Workflow: Render with Noise Threshold 0.01 (moderately noisy) + Denoiser = 50% faster than rendering at 0.005 with no denoiser. Primary GI Engine : Brute Force Secondary GI


| Symptom | Likely Cause | Full Solution | |---------|--------------|----------------| | Grainy shadows | Low Light Cache subdivs | Increase to 1200–1500 | | Splotchy GI | Brute Force subdivs too low | Raise to 24; or switch to Irradiance Map (high preset) | | Long render time | Noise threshold too low (0.001) | Use 0.005; enable denoiser | | Fireflies | High ray intensity | Set Max ray intensity to 20 | | Blurry textures | Compression enabled | Turn off texture compression in Switches | Workflow: Render with Noise Threshold 0

Before touching a slider, one must choose the render engine.

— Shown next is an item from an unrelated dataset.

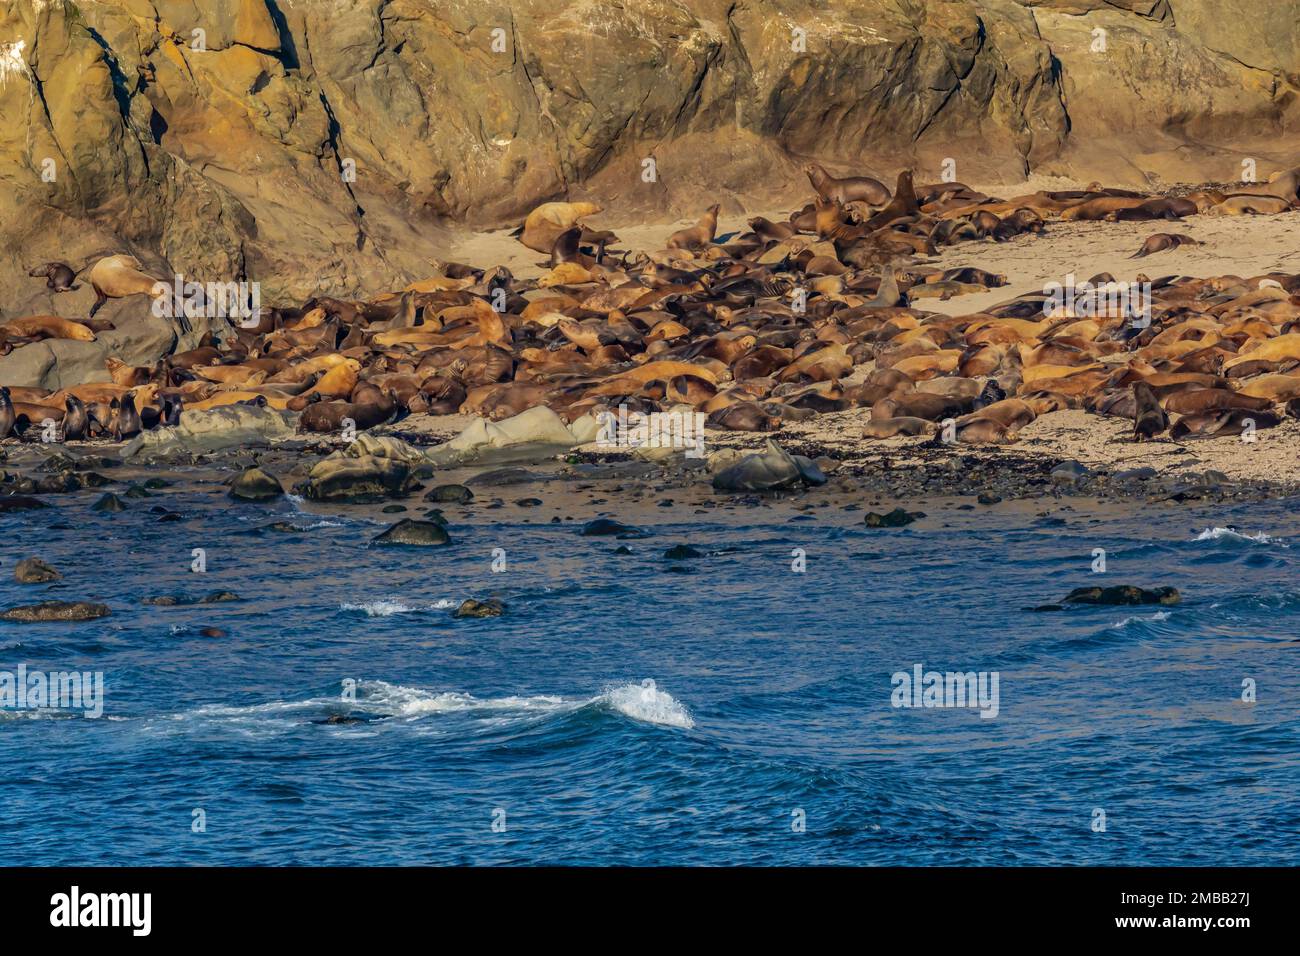 Haulout of California and Steller Sea Lions, and Northern Elephant Seals, Shell Island area of Cape Arago State Park on the Oregon Coast, USA Stock Photo

V-Ray for SketchUp offers three primary engines: V-Ray GPU, CPU, and Bucket. For a full, production-ready render, V-Ray CPU with Bucket rendering remains the gold standard for stability and memory management. GPU rendering is exceptionally fast but can struggle with extremely complex scenes or specific geometry types. The "Bucket" mode renders the image in squares, allowing for better progress tracking and automatic optimization of complex areas. Set the Bucket size to 48 or 64 for a balance between overhead and speed.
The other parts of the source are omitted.